Musical Heritage Historical Entity Linking
Arianna Graciotti, Nicolas Lazzari, Valentina Presutti, Rocco Tripodi
TL;DR
The paper addresses the challenge of Historical Entity Linking by introducing MHERCL, a gold-standard benchmark derived from historical music periodicals that emphasizes long-tail and NIL entities. It proposes two methods—an unsupervised Entity Linking Dynamics (ELD) model and a Constrained-BLINK (C-BLINK) that uses Wikidata-based time and type constraints—to mitigate OCR noise and temporal/domain shifts. Empirical results show that standard SotA linkers struggle on HEL, while incorporating plausibility constraints and NIL handling yields substantial gains, with large-language models offering strong complementary performance. The work demonstrates that NIL-aware, knowledge-graph-constrained retrieval methods plus unsupervised game-theoretic disambiguation can robustly link historical mentions to KB entities, providing valuable tools for historical knowledge extraction and long-tail EL research.
Abstract
Linking named entities occurring in text to their corresponding entity in a Knowledge Base (KB) is challenging, especially when dealing with historical texts. In this work, we introduce Musical Heritage named Entities Recognition, Classification and Linking (MHERCL), a novel benchmark consisting of manually annotated sentences extrapolated from historical periodicals of the music domain. MHERCL contains named entities under-represented or absent in the most famous KBs.
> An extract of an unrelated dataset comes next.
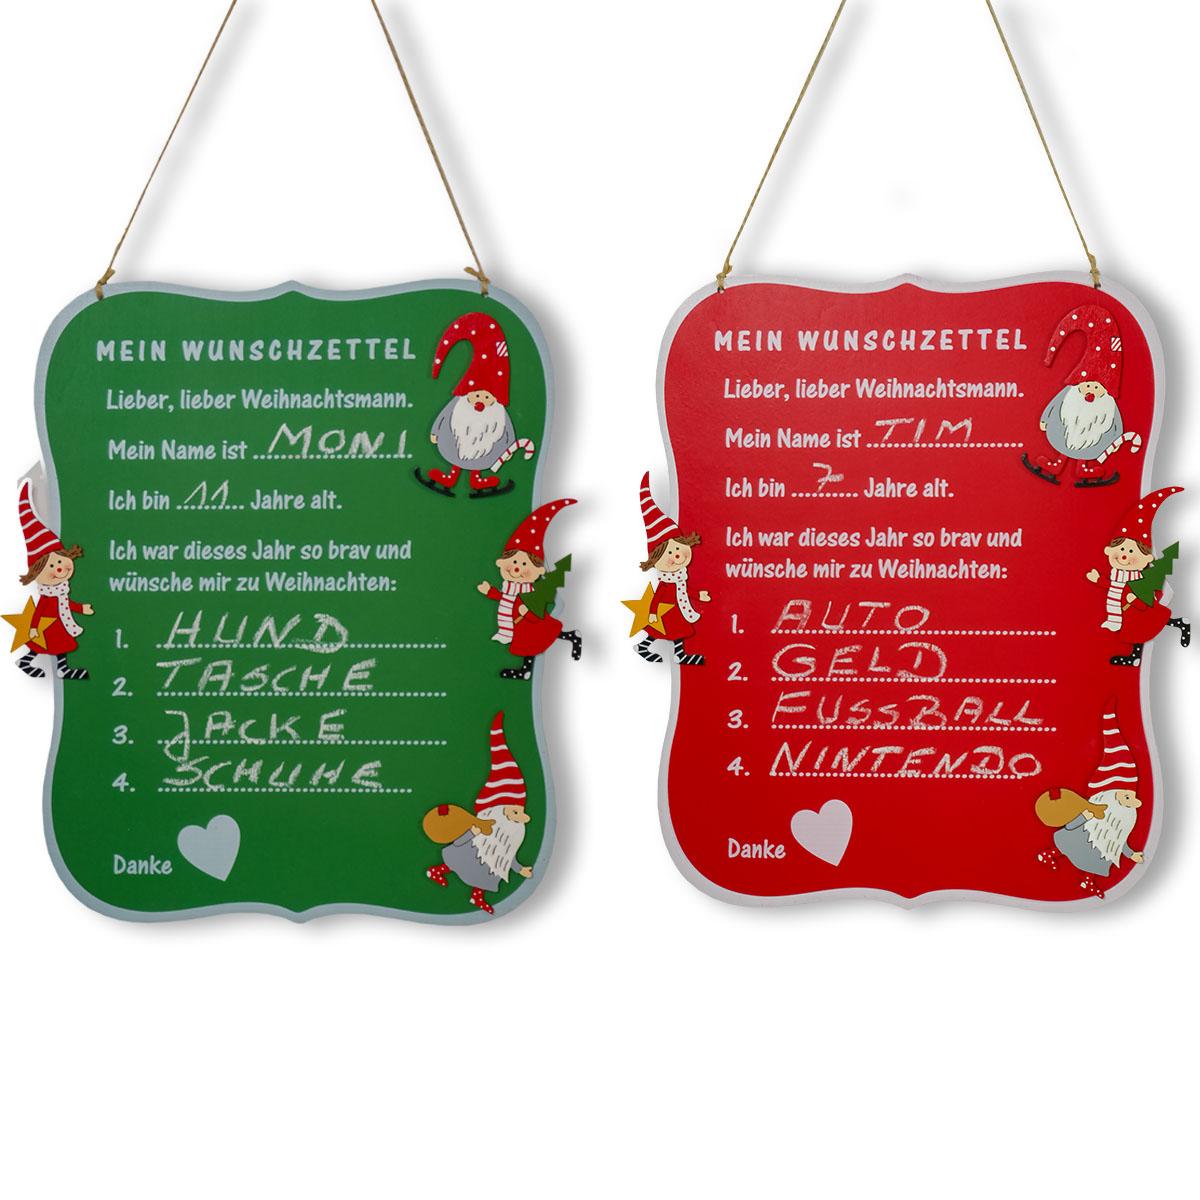 Weihnachts - Wunschtafel aus Holz Image
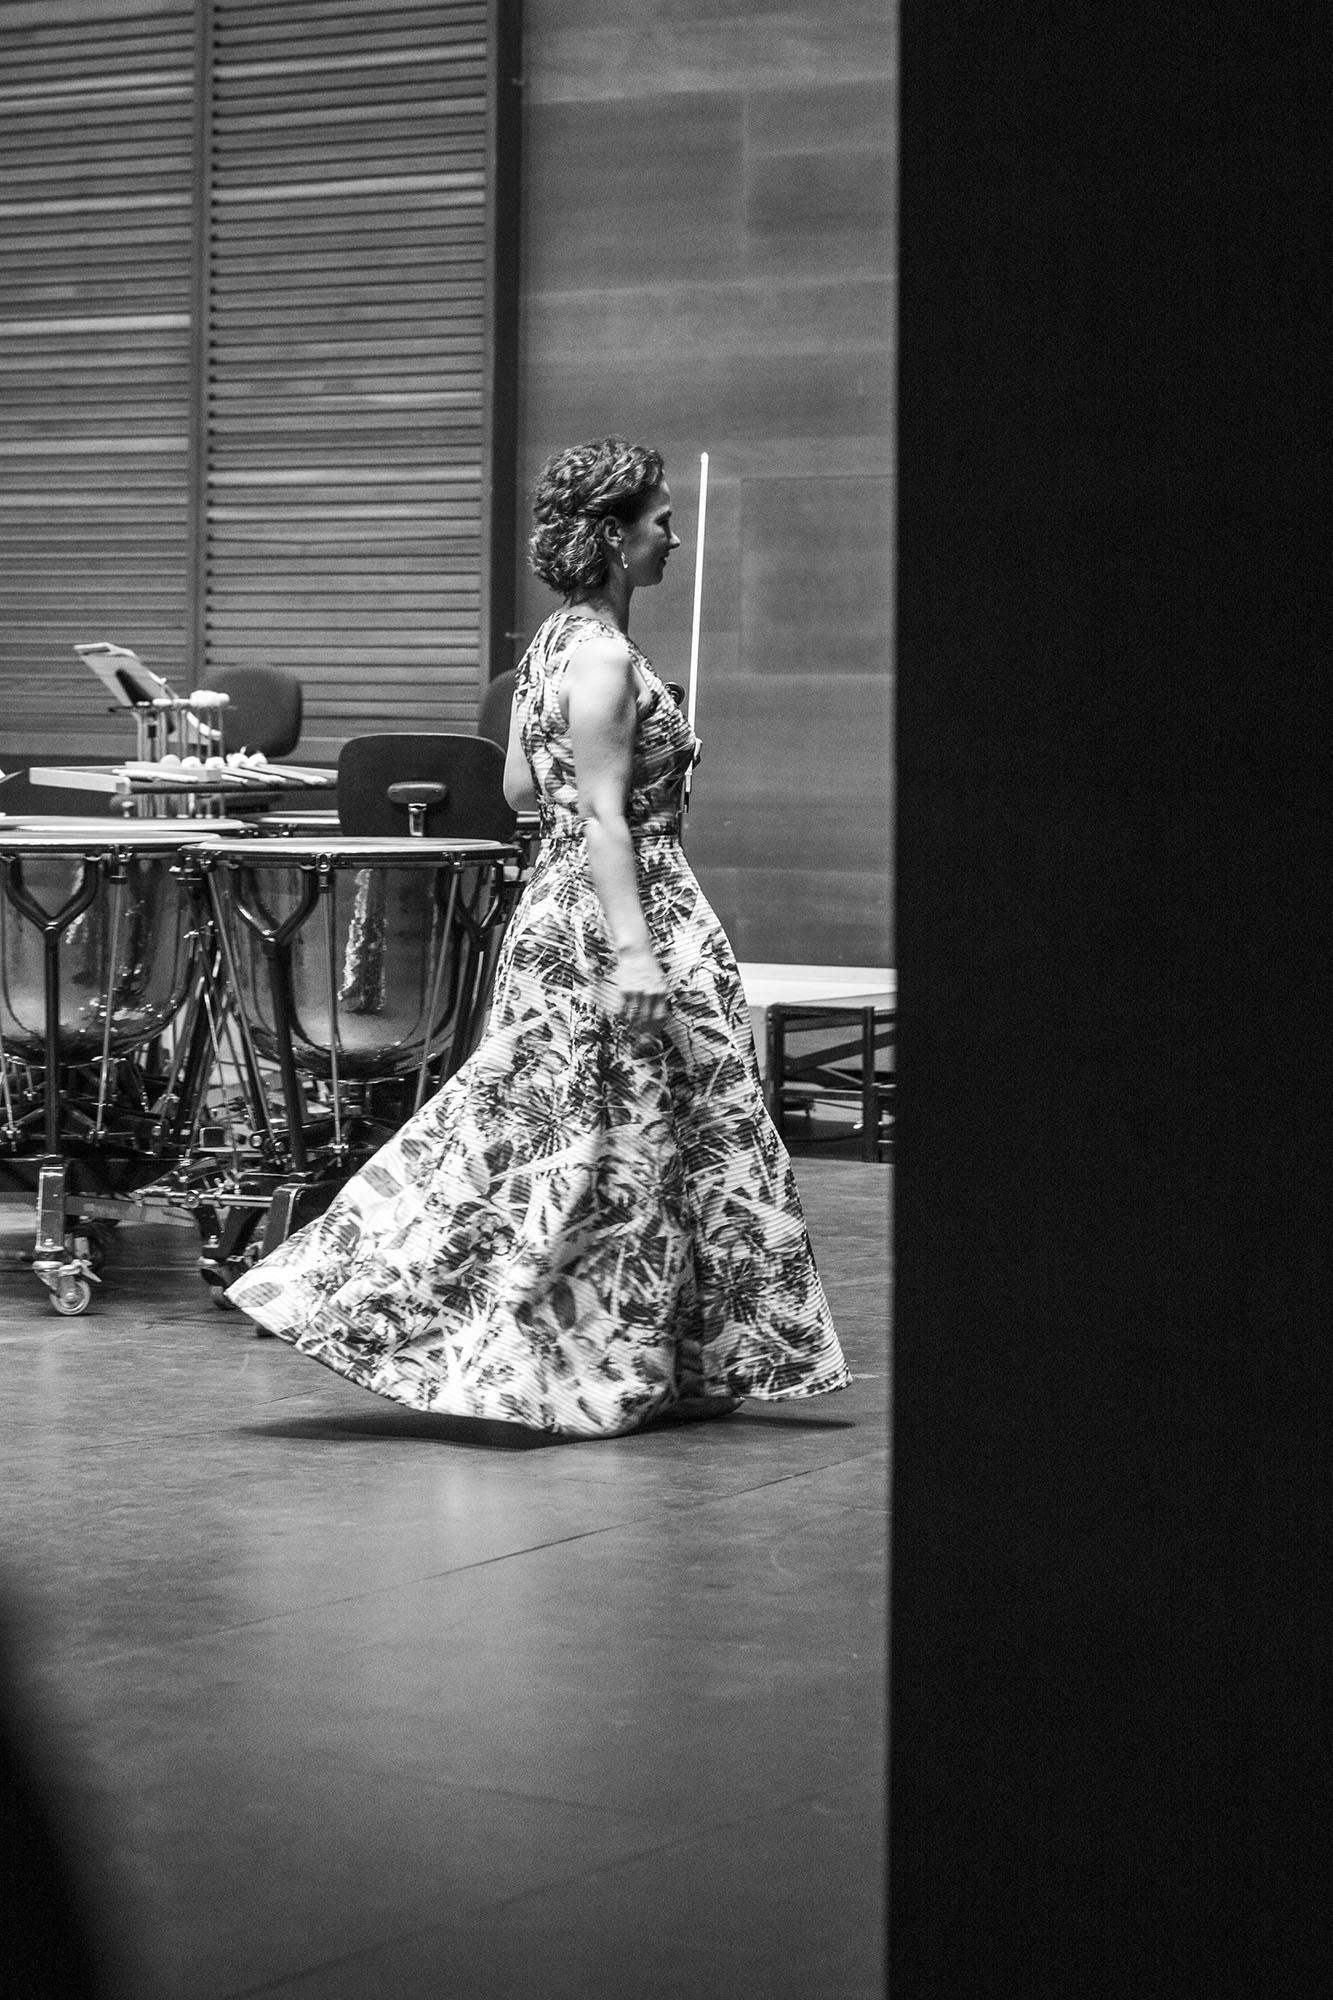 Die Deutsche Kammerphilharmonie Bremen (In Tune – Variations on an Orchestra)

We experiment with several State-of-the-Art models on the Entity Linking (EL) task and show that MHERCL is a challenging dataset for all of them. We propose a novel unsupervised EL model and a method to extend supervised entity linkers by using Knowledge Graphs (KGs) to tackle the main difficulties posed by historical documents. Our experiments reveal that relying on unsupervised techniques and improving models with logical constraints based on KGs and heuristics to predict NIL entities (entities not represented in the KB of reference) results in better EL performance on historical documents.